I finally was going to get all the ballplaying time I wanted.
And then The Dispatch made
me an offer I didn’t refuse. (I very easily COULD have refused it; I just
didn’t—but that’s another story.) My departure date meant I would play only two
men’s games and one more coed game.
The men’s games were first.
We had an easy blowout and then played a team that had whipped us pretty good
in a fall league doubleheader and did a fair job of rubbing it in the whole
time. In short, they were a team of D bags, and at the end of the losses in the
fall, I couldn’t believe I shook their friggin’ hands.

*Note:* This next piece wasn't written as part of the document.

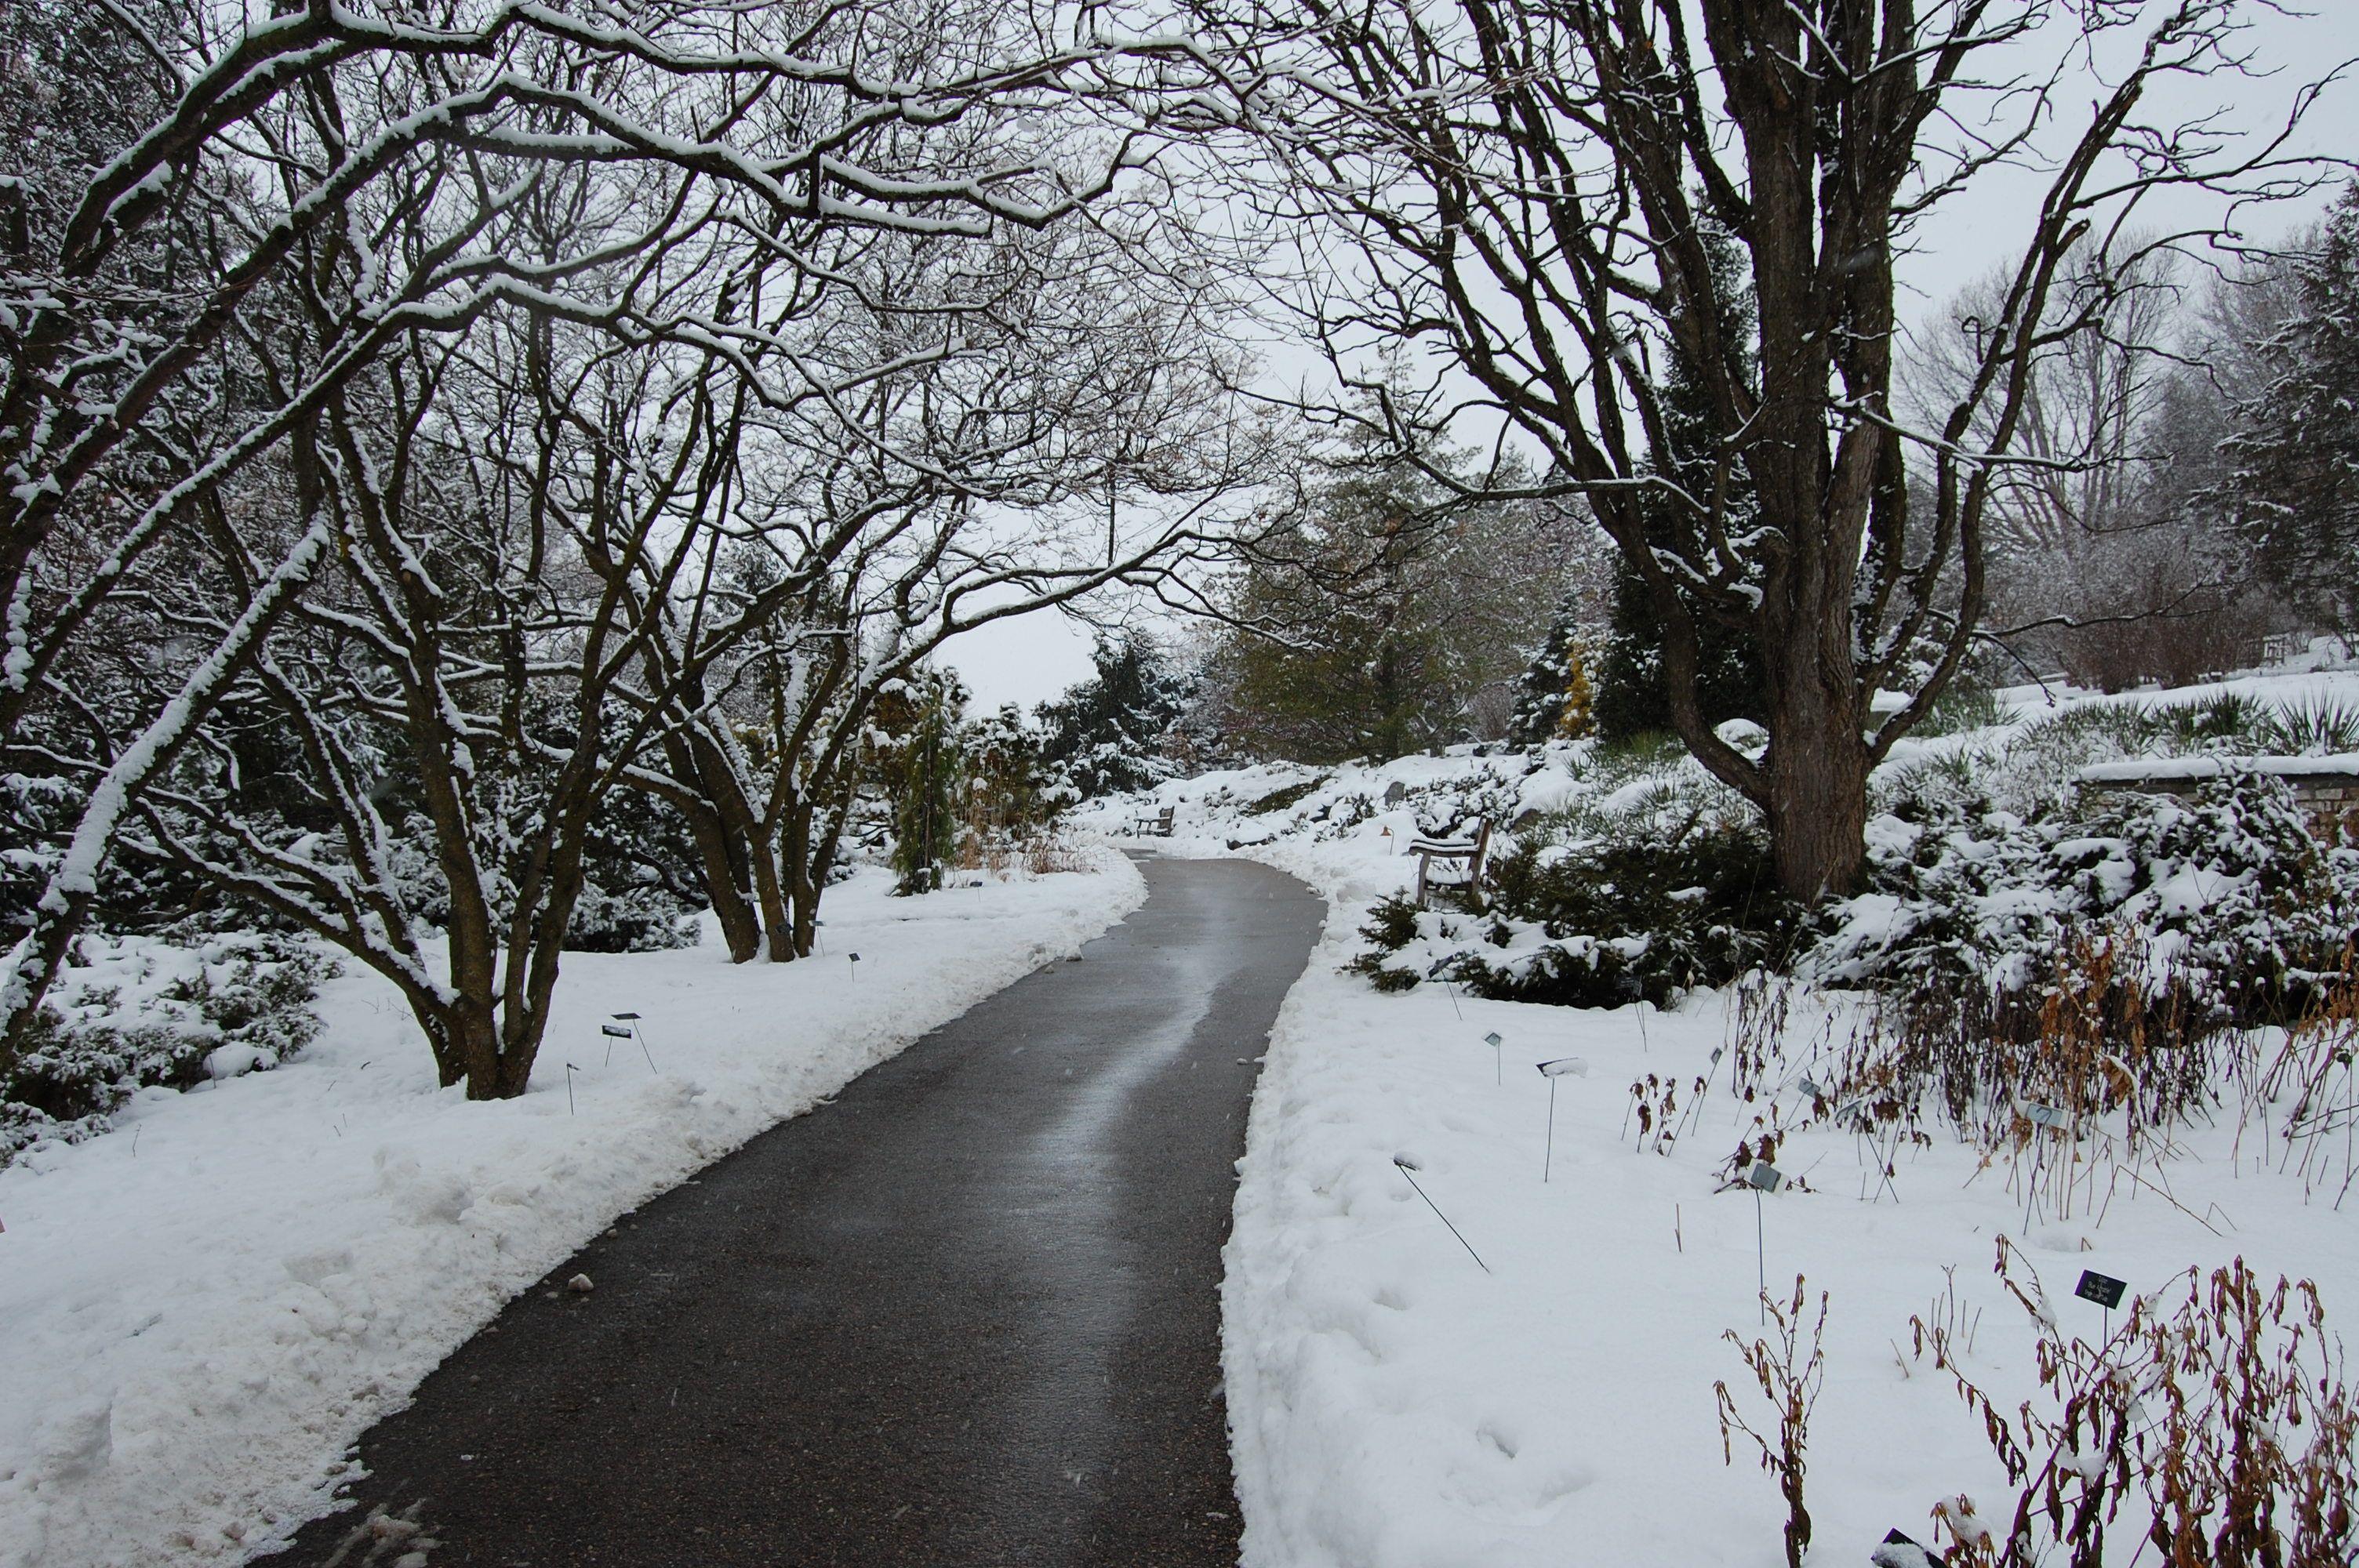 a winter wonderland here at the minnesota landscape arboretum

So payback was the order of
the day in the “real” league—the summer league. We wiped them out, and yours
truly started two rallies with line-drive singles straight up the pipe. (I
scored both times; the first was the first run of the game, the second started
a 6-run game-clincher.) That made me 3-for-4 in the men’s league that year.
My final game was in the
coed league, and we lost. I got to bat only one time, which was fine, and I’d
love to tell you that in my final at bat, I hit an over-the-fence home run.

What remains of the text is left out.